HRC Futures – Flattening the Curve

Editor’s note: SMU contributor Bryan Tice is a partner at Metal Edge Partners, a firm engaged in Risk Management and Strategic Advisory. In this role, he and the firm design and execute risk management strategies for clients along with providing process and analytical support. Before joining Metal Edge Partners, Bryan held a variety of commercial leadership roles involving purchasing, sales, and risk management for Feralloy Corporation, Cargill Steel Service Centers and Plateplus Inc. You can learn more about Metal Edge at www.metaledgepartners.com. Bryan can be reached at Bryan@metaledgepartners.com.

Despite the dramatic rise in COVID cases as evidenced below, it seems the term “flattening the curve” has fallen out of favor. Early in the pandemic it became a consistent mantra as we attempted to avoid overwhelming the health care system and buy time until vaccines could be developed and deployed. Fortunately, the chart below shows that the recent spike in cases (red bars) has not resulted in a similar rise in deaths (white bars) as was seen in the Dec20-Jan21 growth in cases or in the Delta variant wave rise of Sept-Oct 2021. Much has been written about the lesser severity of the Omicron strain, and I hope that as more people are exposed and we increase immunity (naturally or through vaccines), that future strains will be less fatal regardless of how contagious they may be. On a side note, thanks to all the tireless efforts of healthcare professionals helping to fight this pandemic!

Back in the steel market, we seem to be embracing the idea of flattening the curve as it relates to HRC futures. The chart below is a month-over-month comparison of HRC settlements. This Wednesday’s modest decline in the CRU index helped erase some of the recent drift downward on the nearby months, pushing January/February settlements up $35/t and $17/t, respectively, day over day. As you can see from the chart, market participants have grown much less optimistic than they were a month ago that steel prices will decline gradually in Q1 ‘22. Rather those trading HRC futures seem to expect a more pronounced drop between now and the end of Q1 ‘22 and then grinding lower at a much slower pace over the course of the year.  

HRC Curve MoM

The recent rise in COVID cases does bring into question what impact it could have on the demand environment and steel prices. Pent-up demand in many steel-consuming segments seems to be at near record levels due to low inventories and continued supply chain issues limiting manufacturers from building adequate stocks, however labor market challenges may become a limiting factor. Add any COVID-related shocks that further disrupt manufacturing into that equation, and it becomes understandable why some hold the belief that prices will move lower as new flat rolled supply increases and demand is constrained by a myriad of nontraditional influences.

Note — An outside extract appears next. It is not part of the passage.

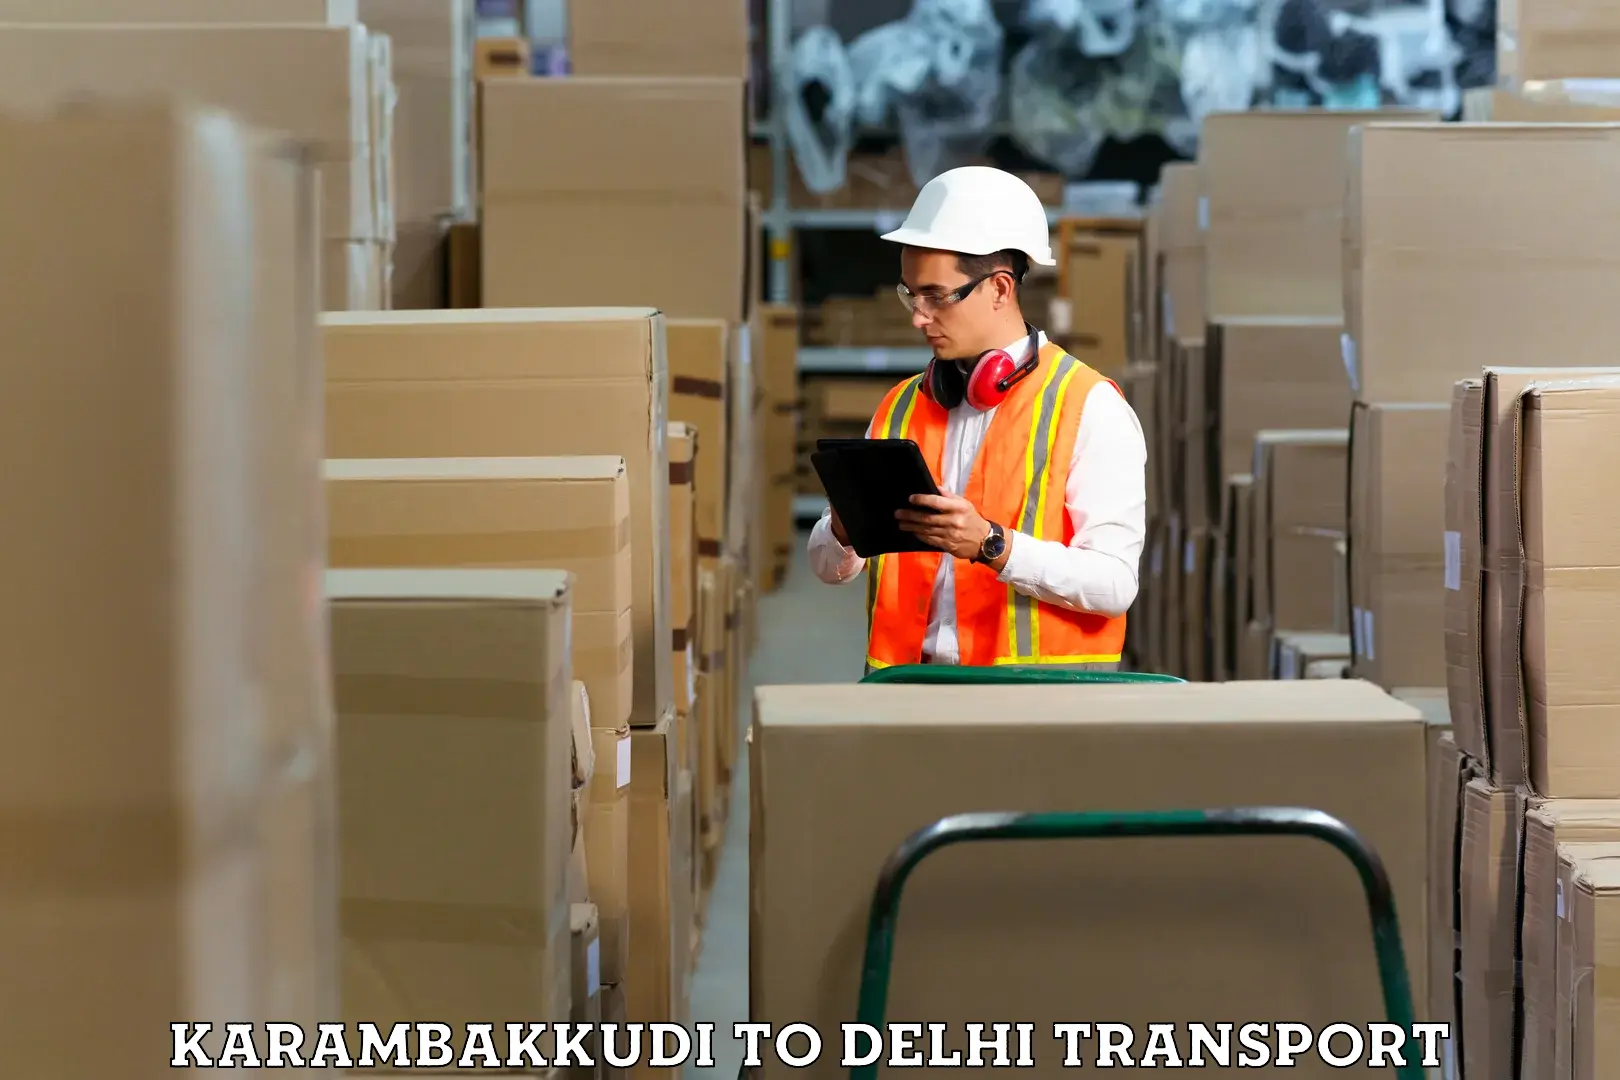 Shipping services Karambakkudi to Delhi

It is also interesting that the shape of the current HRC curve is the exact opposite of what many astute market participants I speak with regularly had been expecting late last year, (ie) a gradual decline in pricing in the first half of 2022 and a precipitous drop in the second half as new capacity spoils the four-digit hot rolled era.  Undoubtedly the forward curve for Q2 and beyond will look much different three months from now as compared to what it’s suggesting today, and the reality is that the current view on the market in that period as seen through the lens of those trading HRC futures will prove to be either too optimistic or too pessimistic. Perhaps within that lies a trading opportunity?  

Scrap futures on the other hand are pointing to a much different view of 2022 as the curve has shifted from backwardation to contango over the course of the month, with Q4 2022 prices up near 10% from last month.  

BUS Curve MoM

In addition to the improved outlook for scrap pricing, scrap futures have seen some increased activity with January volumes trading just below 60,000 tons month to date, more than two times the last two-year average. 

Busheling Volume

Drawing parallels between COVID and steel pricing may seem somewhat obtuse, but the steel industry has always been highly cyclical, and in many ways has not yet built up its own immunity to the wild price swings we have witnessed over the past 18 months. Many within the industry today face the age-old issue of trying to liquidate physical inventories in the face of a falling market in an apparent demand pause to mitigate the financial impact of inventory devaluation, while adding momentum to the next up-cycle as the market typically overcorrects. The key question is whether your business can benefit from minimizing the risks inherent in these volatile price gyrations and smooth out earnings volatility by adopting risk management.   

Whatever happens with the ferrous futures curves going forward, hopefully we can collectively put the COVID curve in permanent backwardation in 2022. Stay healthy and thanks for reading!

Disclaimer: The information in this write-up does not constitute “investment service,” “investment advice,” or “financial product advice” as defined by laws and/or regulations in any jurisdiction. Neither does it constitute nor should be considered as any form of financial opinion or recommendation. The views expressed in the above article by Metal Edge Partners are subject to change based on market and other conditions. The information given above must be independently verified and Metal Edge Partners does not assume responsibility for the accuracy of the information.